Data below:
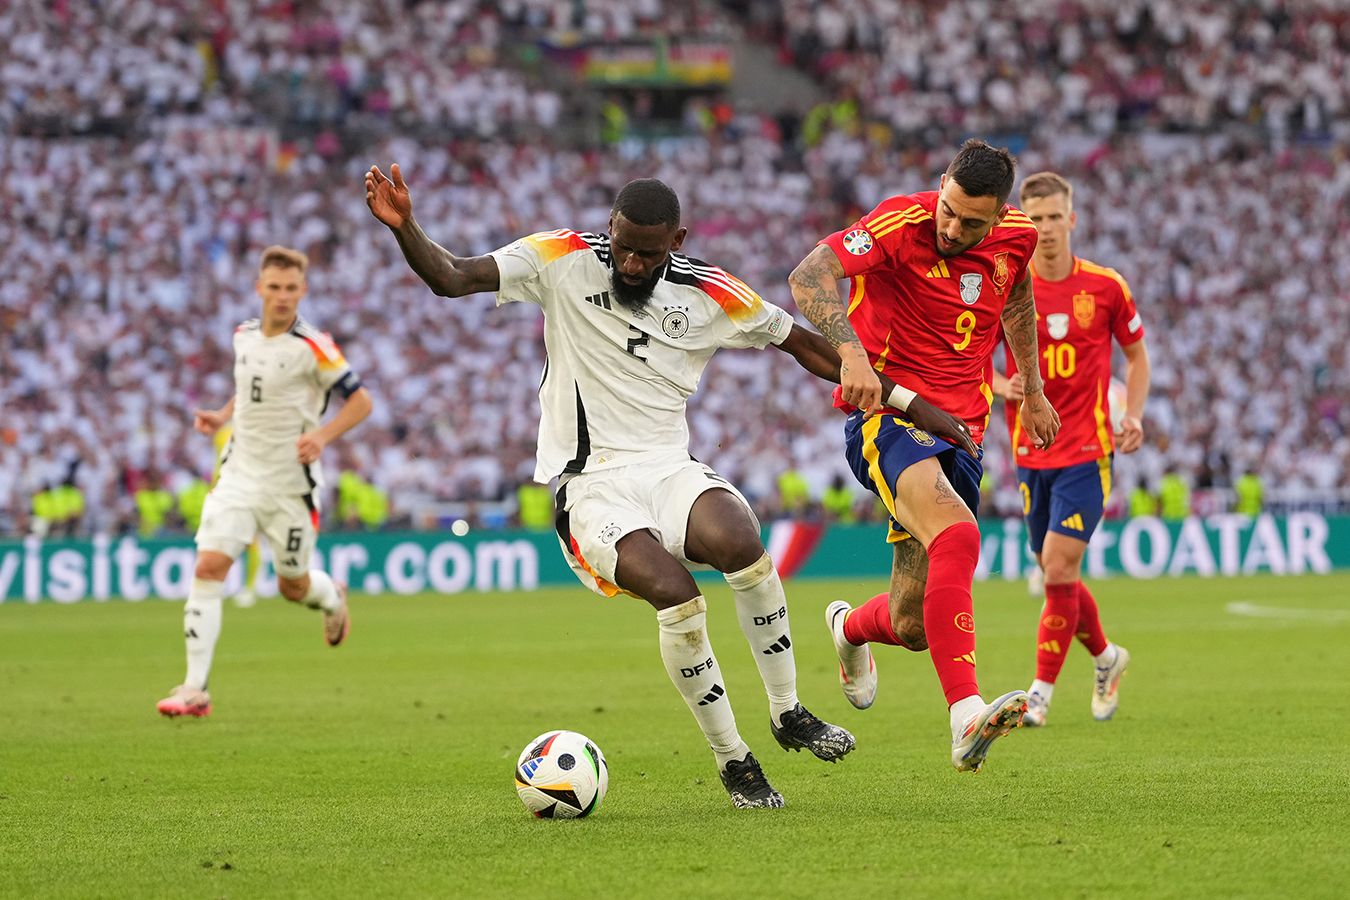 Эдуард Мор высказался о неназначенном пенальти в матче Испания — Германия на Евро
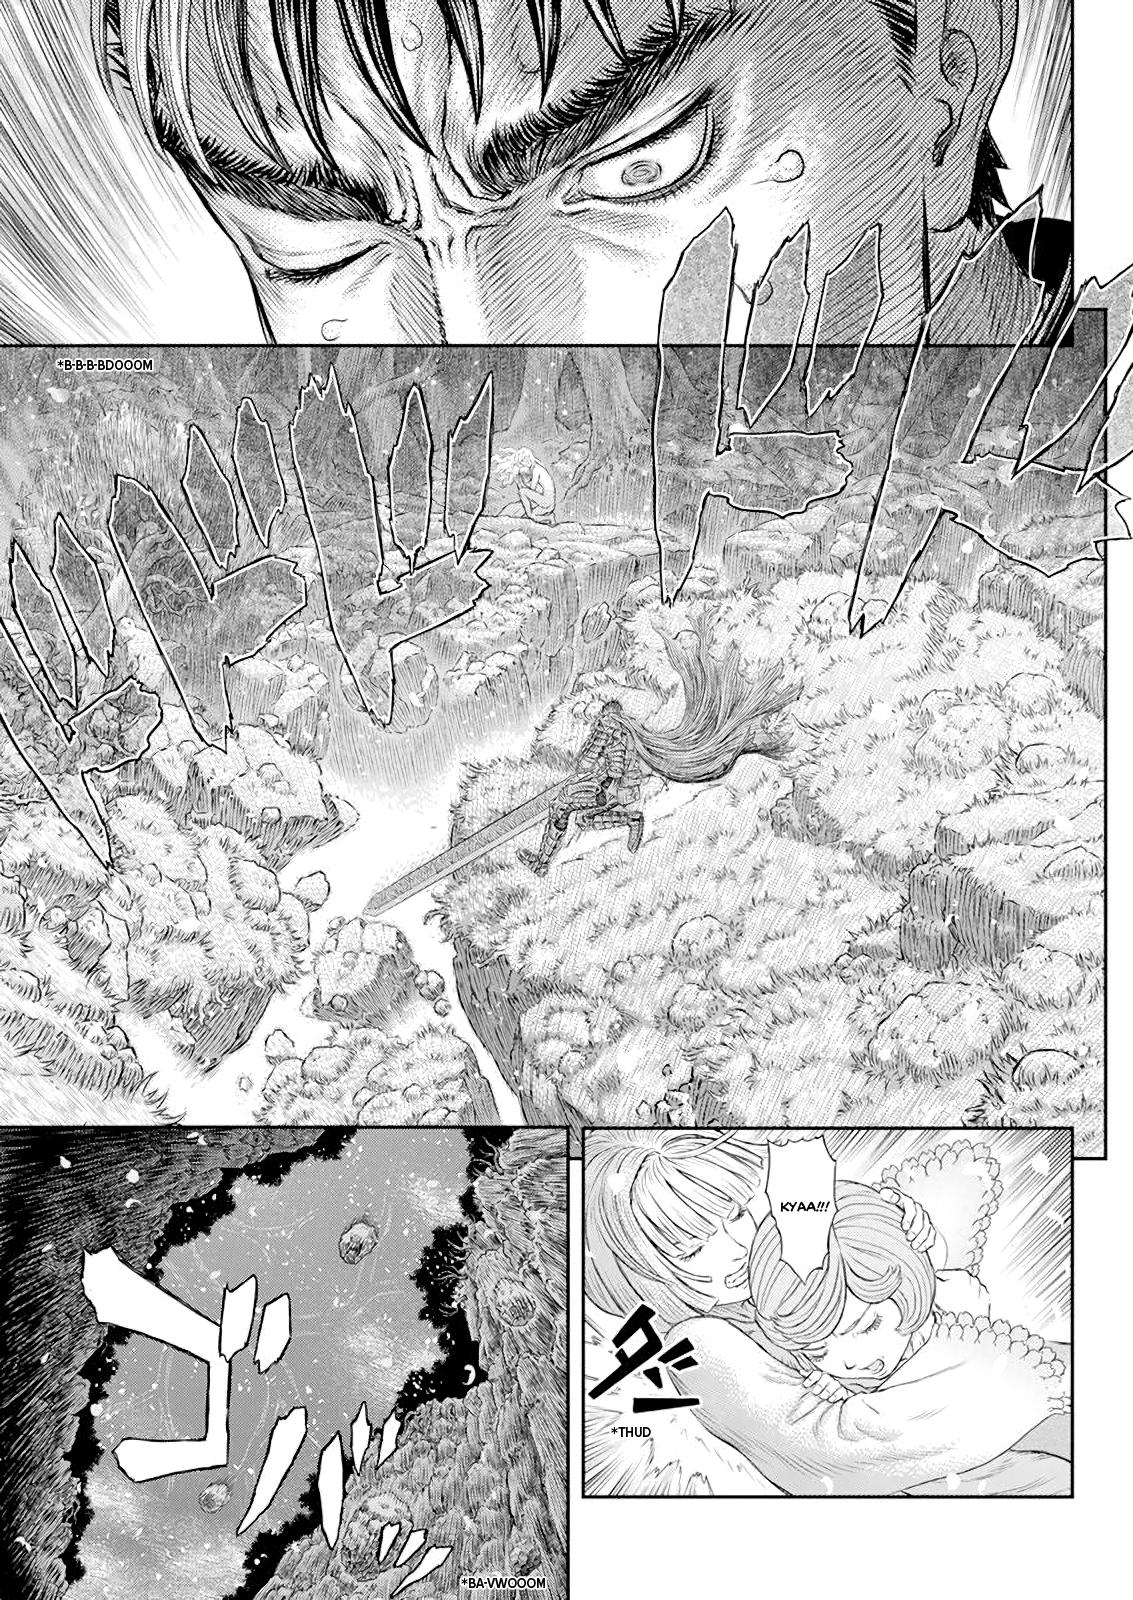 Berserk Manga Chapter 367 image 13
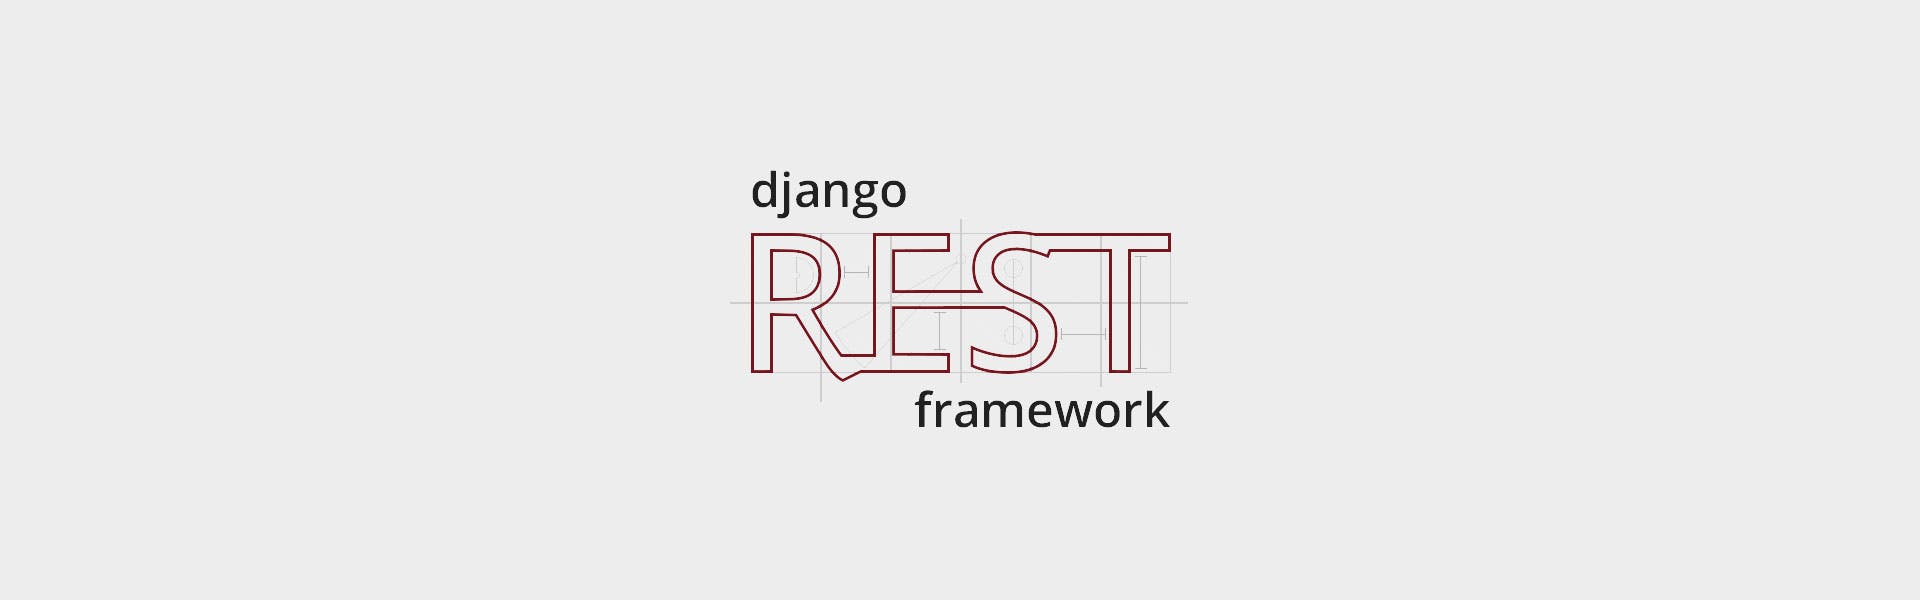 10 Razones para Elegir Django Rest Framework

Task brief:
Restate each line of the material word for word, skipping any picture.

Answer for the task:
 Эдуард Мор высказался о неназначенном пенальти в матче Испания — Германия на Евро
 Berserk Manga Chapter 367 image 13
 10 Razones para Elegir Django Rest Framework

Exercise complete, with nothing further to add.